35:43 Michael: That's cool, you said that in your documentation, you say you have a UI kit, for adding user interfaces to calculations and the app. That sounds pretty cool, what's the UI technology there and how does that work?

35:55 William: I am not quite sure what that refers to.

36:01 Michael: Yeah, ok, no worries. That was written long ago, ok.

36:04 William: And there is a lot of people- the other problem is there is 500 contributors, so, I have very limited knowledge.

36:10 Michael: Sure. No worries, I'll ask you another sort of math question, like so one of the things when you are writing scientific and especially mathematical papers for academics and so on, is use LaTex, so you can very precisely express symbolic mathematics like integral signs 36:27 and things like that. And this is built right into it, right?

36:33 William: So the connection between Sage and LaTex is of course mathematicians all use LaTex but for any- so we have a dunder method, it's really just a single underscore method, _latex_ and it's defined the most objects that you create in Sage, and it gives back the LaTex representation of that object, it works a lot like the repr method in Python but it's to give you a LaTex representation rather than-

36:58 Michael: Right, right, that's awesome.

37:00 William: Yeah, so we have and it kind of recursively goes down the steps, if you make a matrix or entries that are rational functions over some other thing then it will there is automatically a way to turn that entire matrix into a LaTex representation. And, that gets used in the graphical user interface fairly automatically if you want like in Jupyter notebooks or in Sage worksheets. Also, we have a LaTex package called SageTex, which lets you write a LaTex document and then use commands like /sage right inside the LaTex document so you can write something like consider and then a $/sage and then in braces you can put some expression and it will get evaluated using Sage whenever you LaTex the document. And then the results cashed, and you can also put blocks of code and the output gets automatically put into your LaTex document. So basically it makes this so your LaTex document can have executable Python code, there is a similar thing like this for just Python but for Sage it also gives functionality for graphics and it knows that Sage objects can have a LaTex representation and it uses that automatically when typesetting the results.

38:11 Michael: Yeah, that's really cool.

38:14 William: It's something that was written at the first Sage Days way back in 2006.

38:18 Michael: Yeah, yeah, really nice.

38:20 William: Long, long ago and it's been developed ever since.

38:22 Michael: So, another part of this system that I think is really interesting is Cython. And, Cython actually, this I had no idea about, I just wanted to talk to you about SageMath but Cython actually came out of this project, right?

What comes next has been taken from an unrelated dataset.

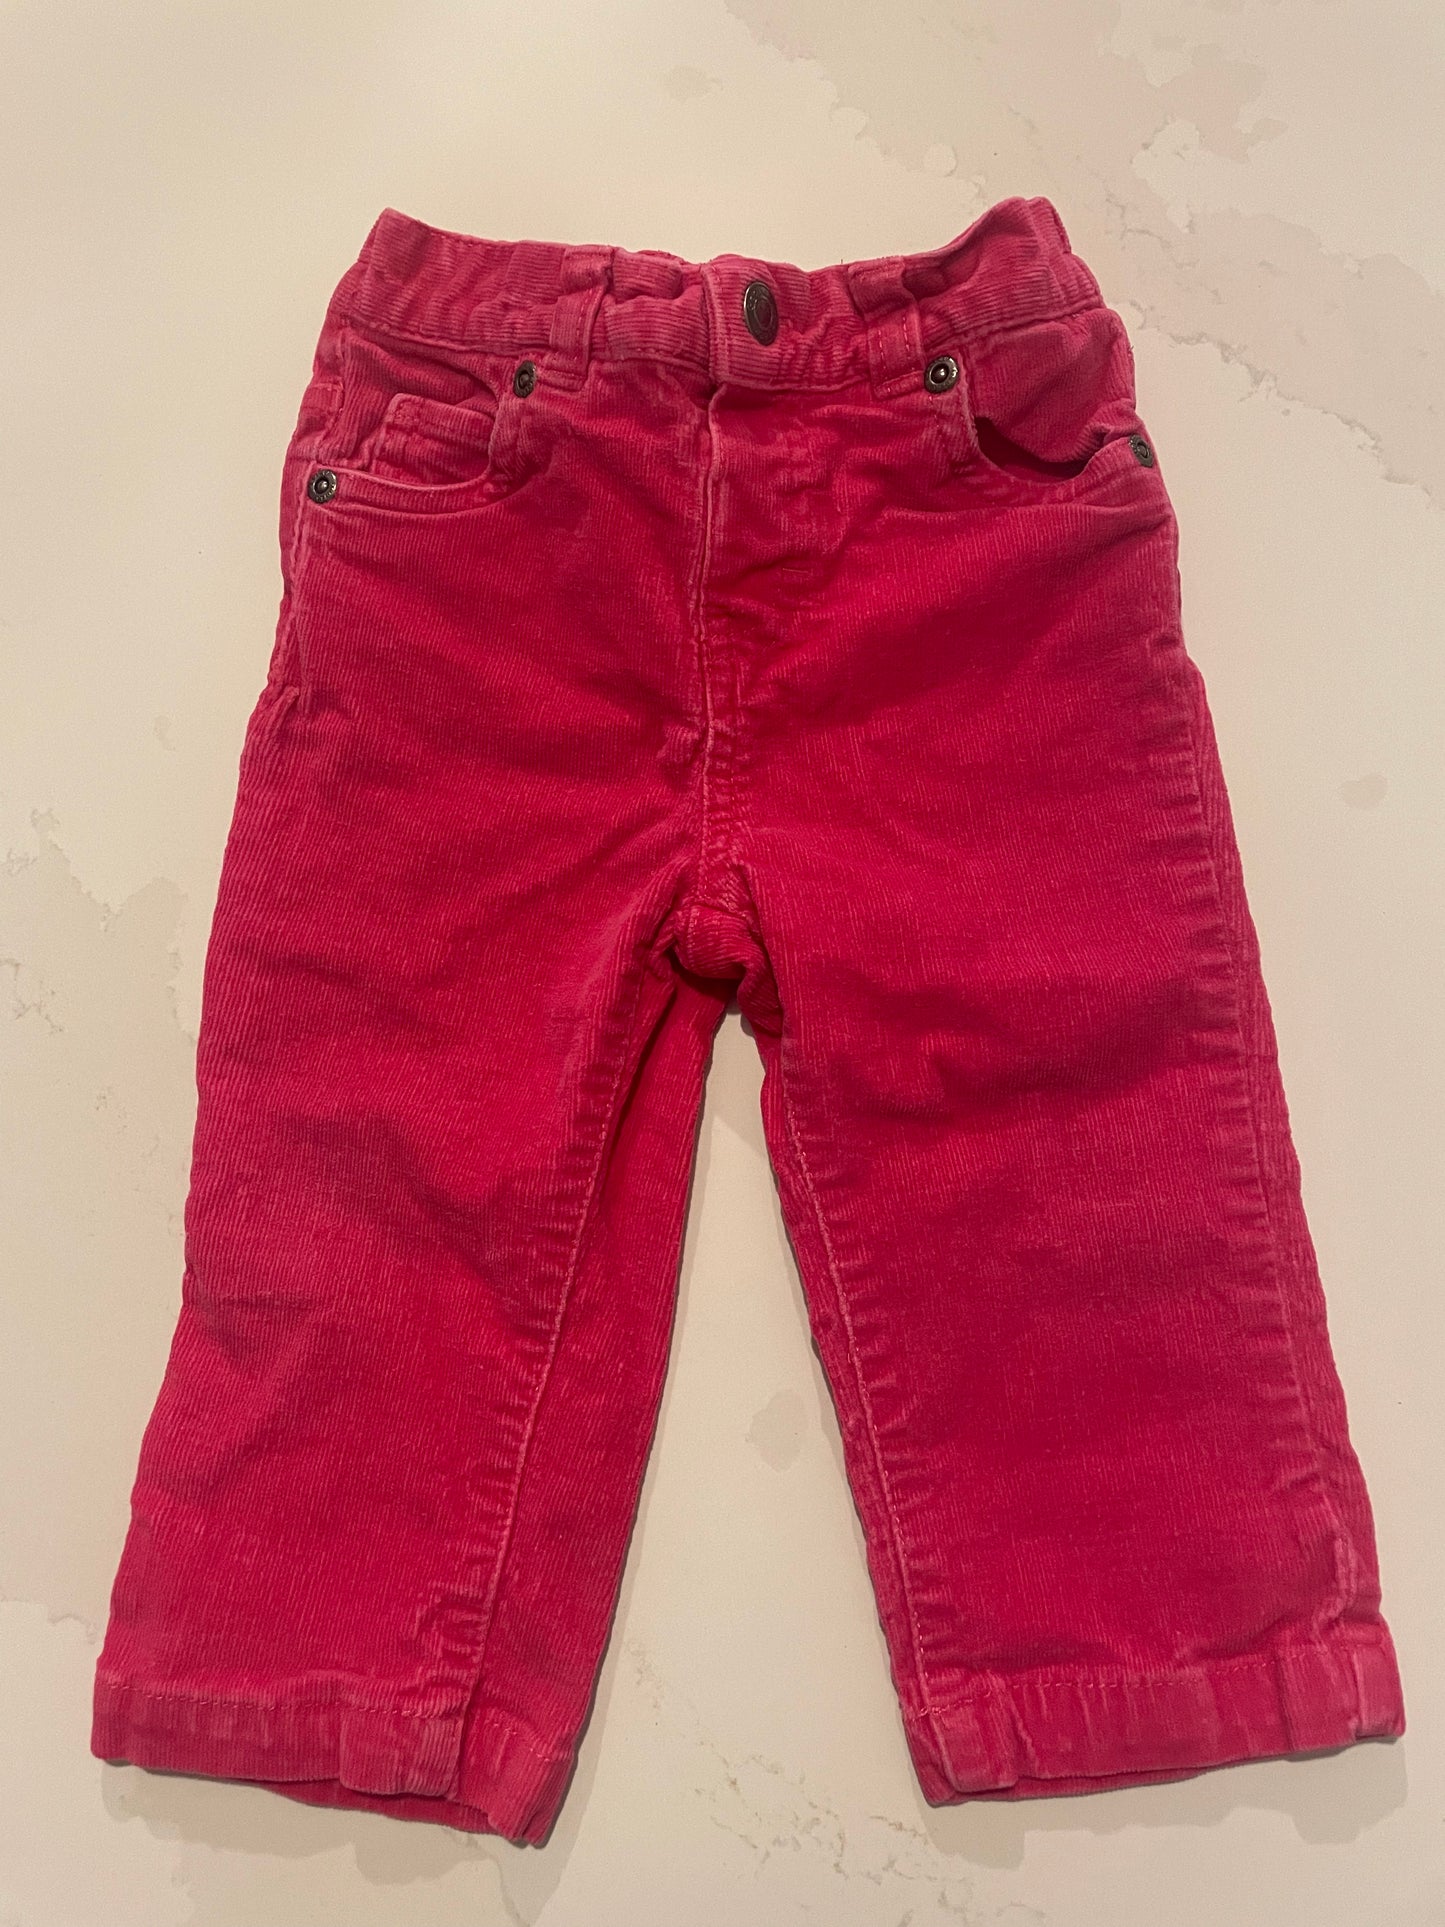 George 6-12 month Cords / Pants

38:35 William: Yes, in the following sense, so when I started Sage I mentioned before that Python + the Python CAPI was kind of like the killer combination that meant that I could implement when I wanted in Sage on top of Python. So I had these little benchmark programs and I would try to implement them in other languages like Ocml like these really fast functional compile languages and I would get something that was fast but it wasn't quite as fast as I could write in C. And if you kind of look, basically overall C lets you write really fast code, and Python lets you use C code to write new functions, but the Python CAPI is pretty challenging and potentially error prone, you have to do manual reference counting all over the place and the ways in which the Python CAPI functions work could take a while to learn and I really envision that a lot of people including me when I am tired or just really want to get work done writing code, and I wanted to write a huge amount of code and I didn't think it was really viable to write directly against the Python CAPI. I would mess up some reference counting and get faults and that just wasn't what I wanted to do. And so I stared planning to write some Python program that would generate code against the Python CAPI and I got excited about the possibility doing that and then I start searching around and found a program called Pyrex which is like glassware, P-Y-R-E-X by Greg Ewing who is a Python contributor, and he wrote this amazing program where you can write code that looked almost like Python but it would get converted into C extensions and those will get linked into Python. And so that was really amazing but it lacked a lot of functionality, like it didn't have list comprehensions and there were just a lot of little things, you couldn't do nested functions, also you didn't use revision, you just kind of made a zip archive every once in a while. It seemed like your work done at mainly doing the Christmas break each year.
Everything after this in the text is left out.